Exercise brief: With the pictures left out, copy the listing below exactly.

Data block:
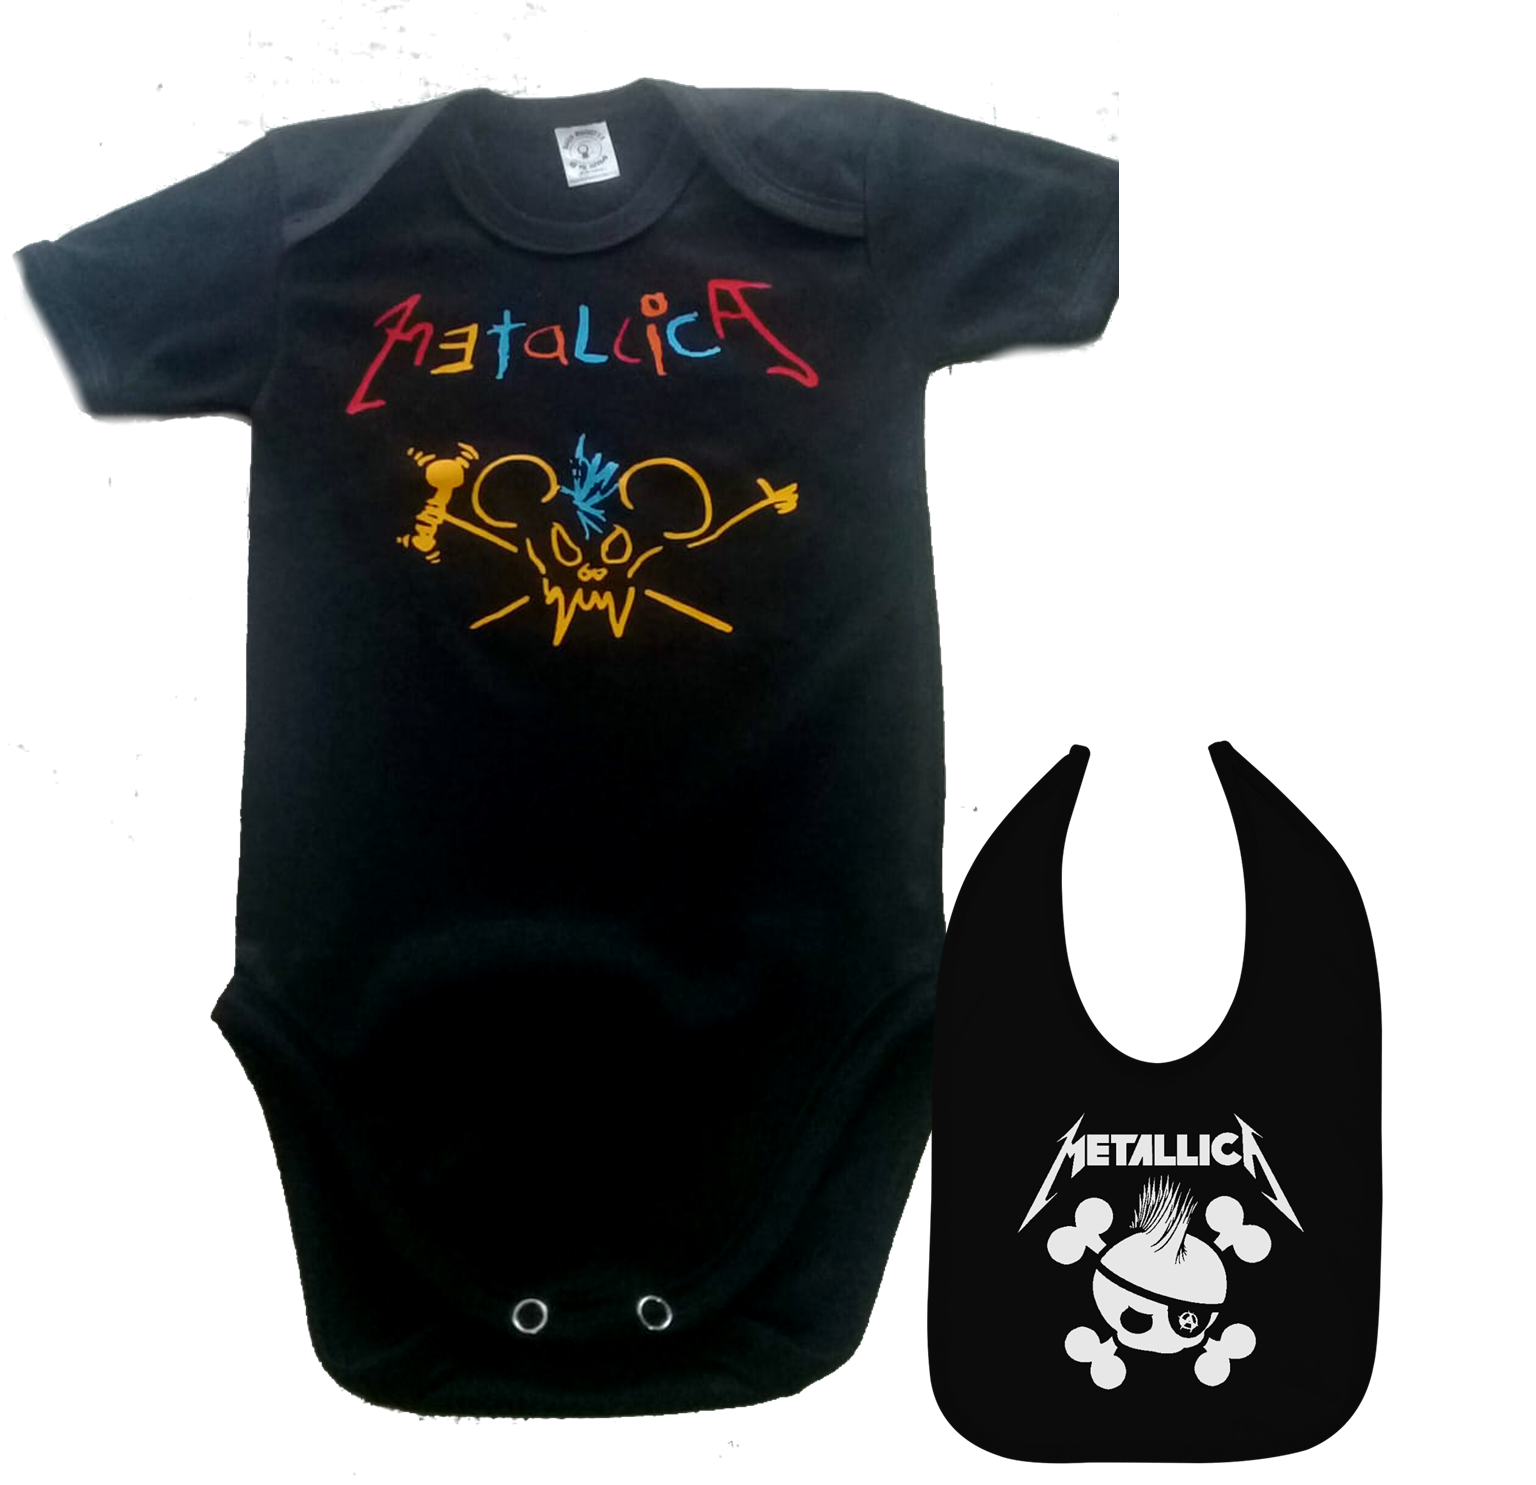 Empleado Debería Aleta set ropa para bebe rock metallica crayola - Baby monster​​​
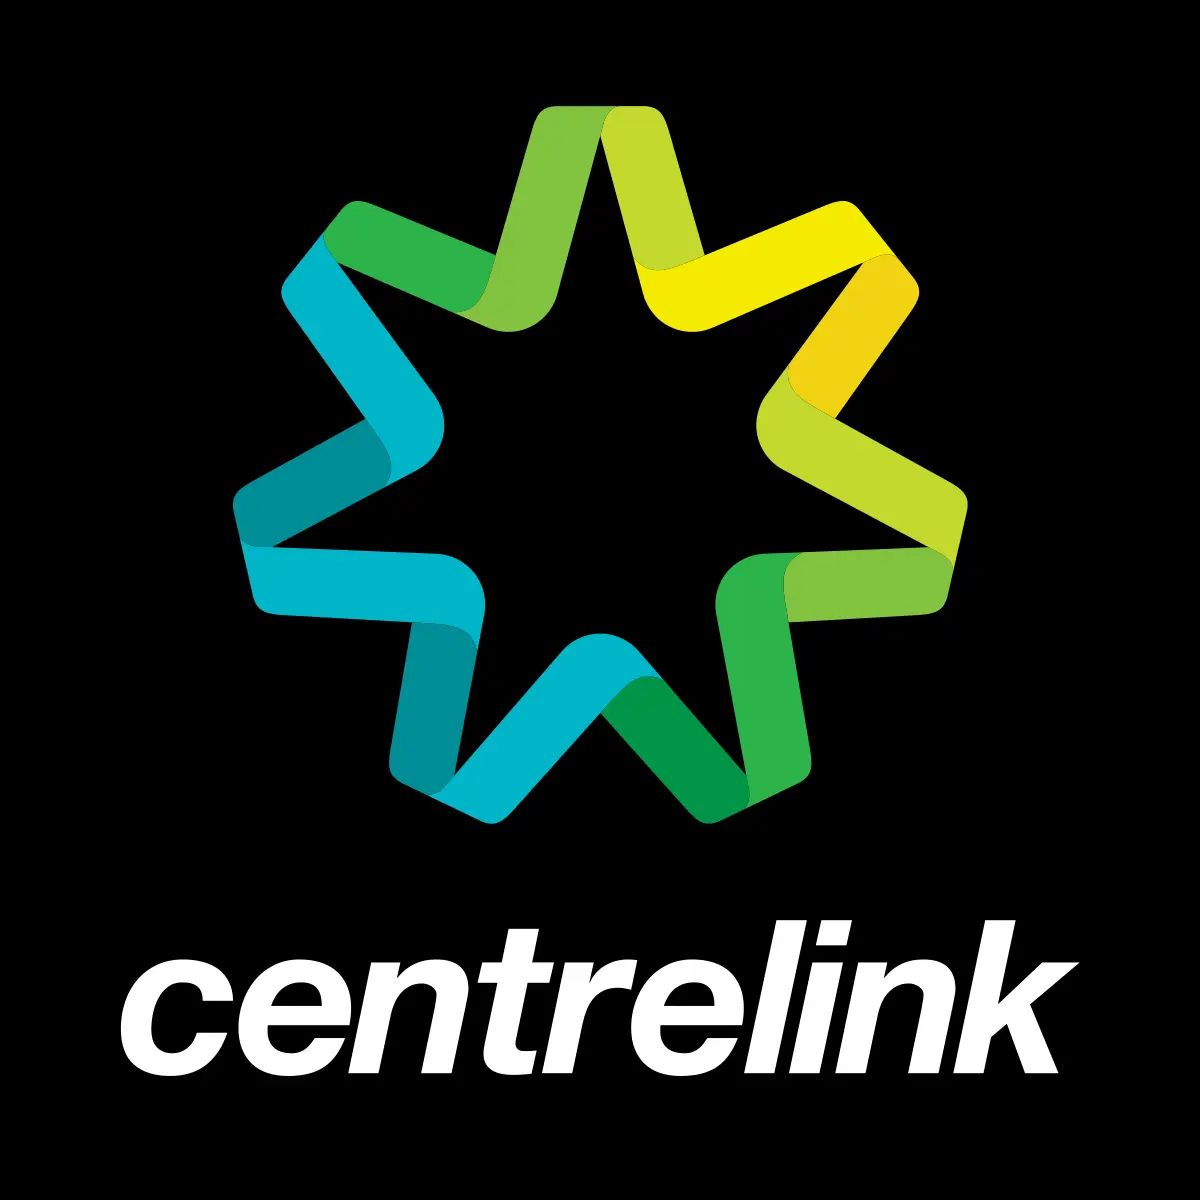 The centrelink logo.
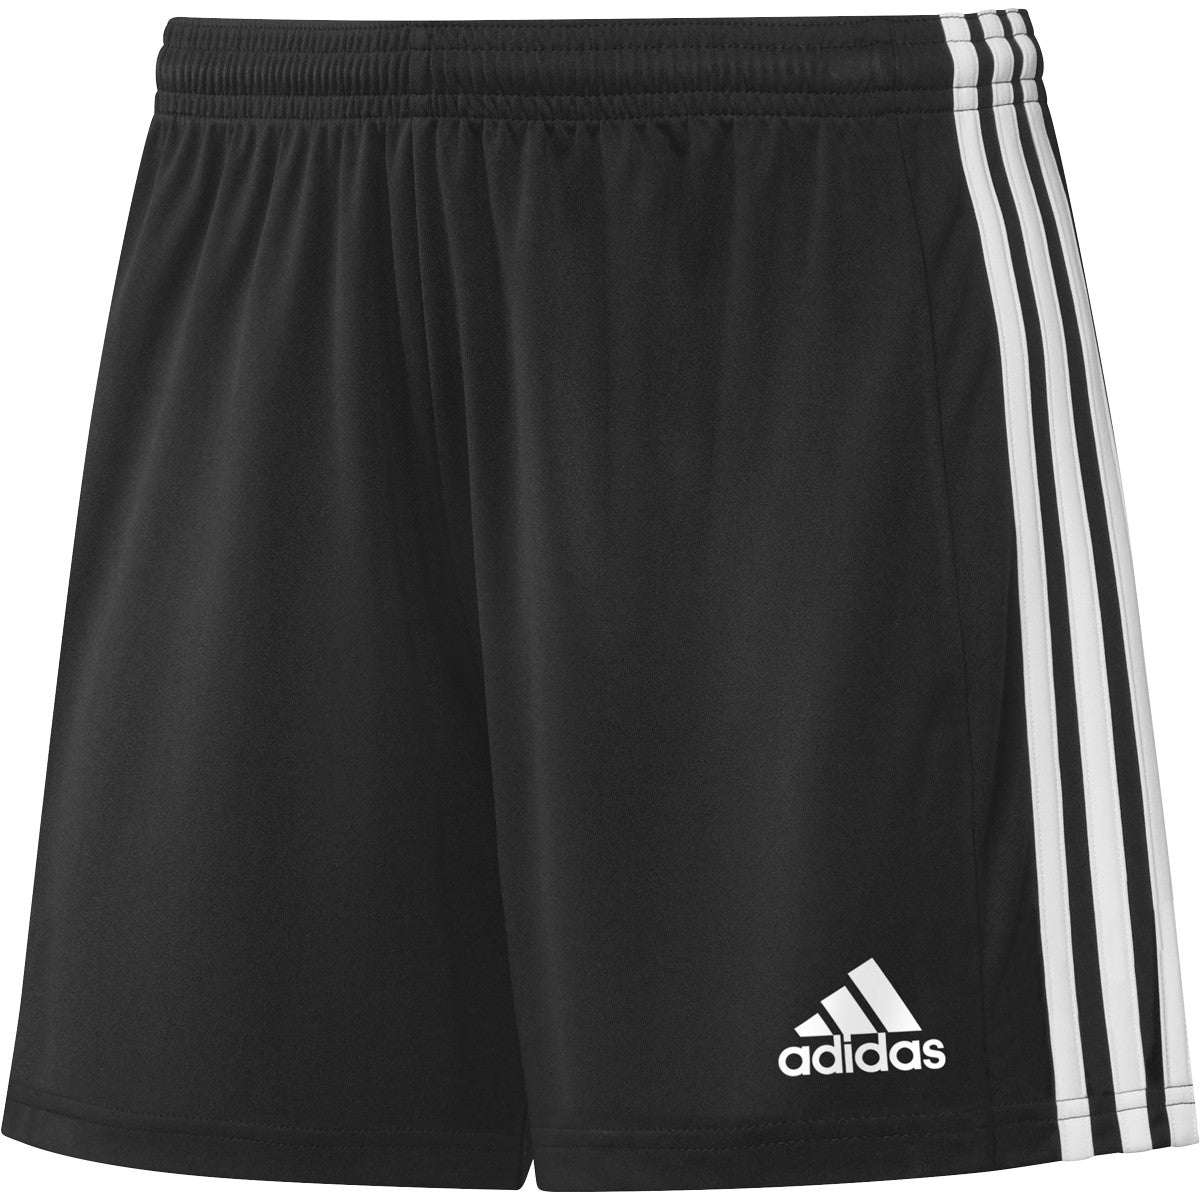 adidas Womens Squadra 21 Short | GN5780 Shorts Adidas X-Small Black/White 
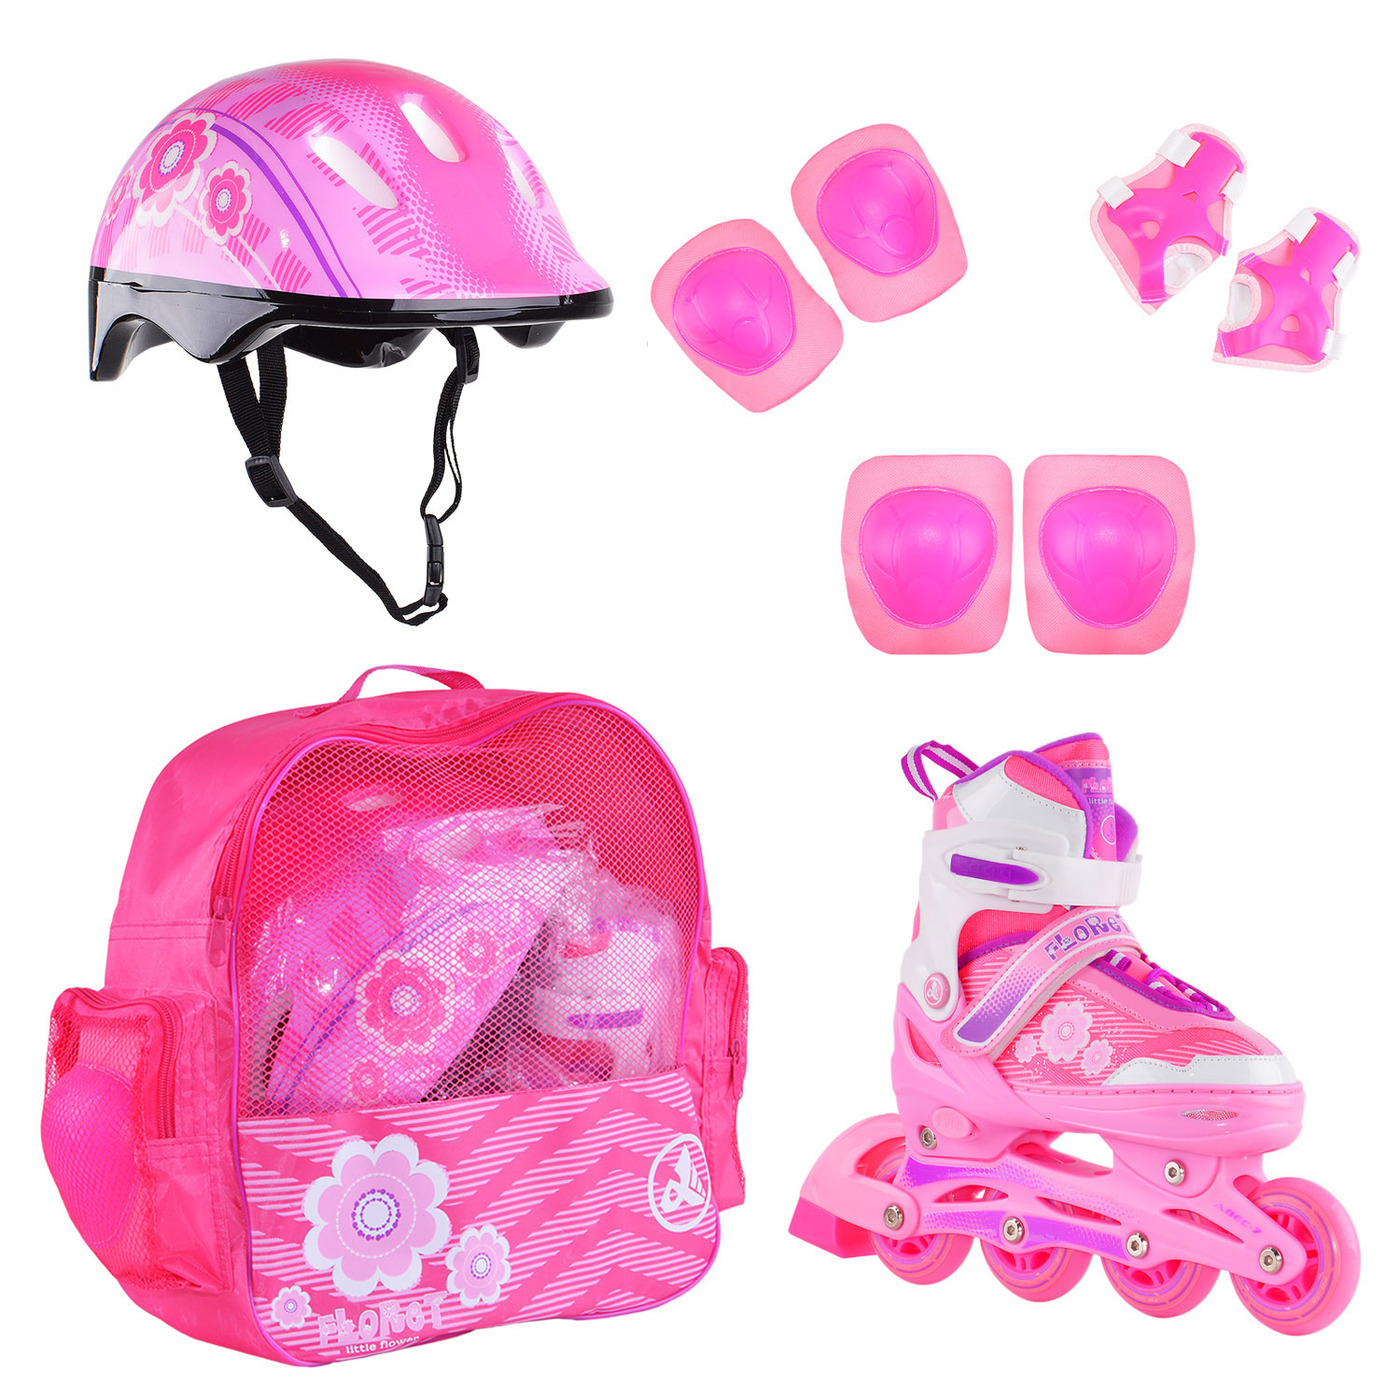 Раздвижные роликовые коньки Alpha Caprice FLORET Wh/Pink/Viol шлем, защита, сумка M:35-38 раздвижные роликовые коньки alpha caprice x team pink m

Response area:
 Empleado Debería Aleta set ropa para bebe rock metallica crayola - Baby monster​​​
 The centrelink logo.
 adidas Womens Squadra 21 Short | GN5780 Shorts Adidas X-Small Black/White 
 Раздвижные роликовые коньки Alpha Caprice FLORET Wh/Pink/Viol шлем, защита, сумка M:35-38 раздвижные роликовые коньки alpha caprice x team pink m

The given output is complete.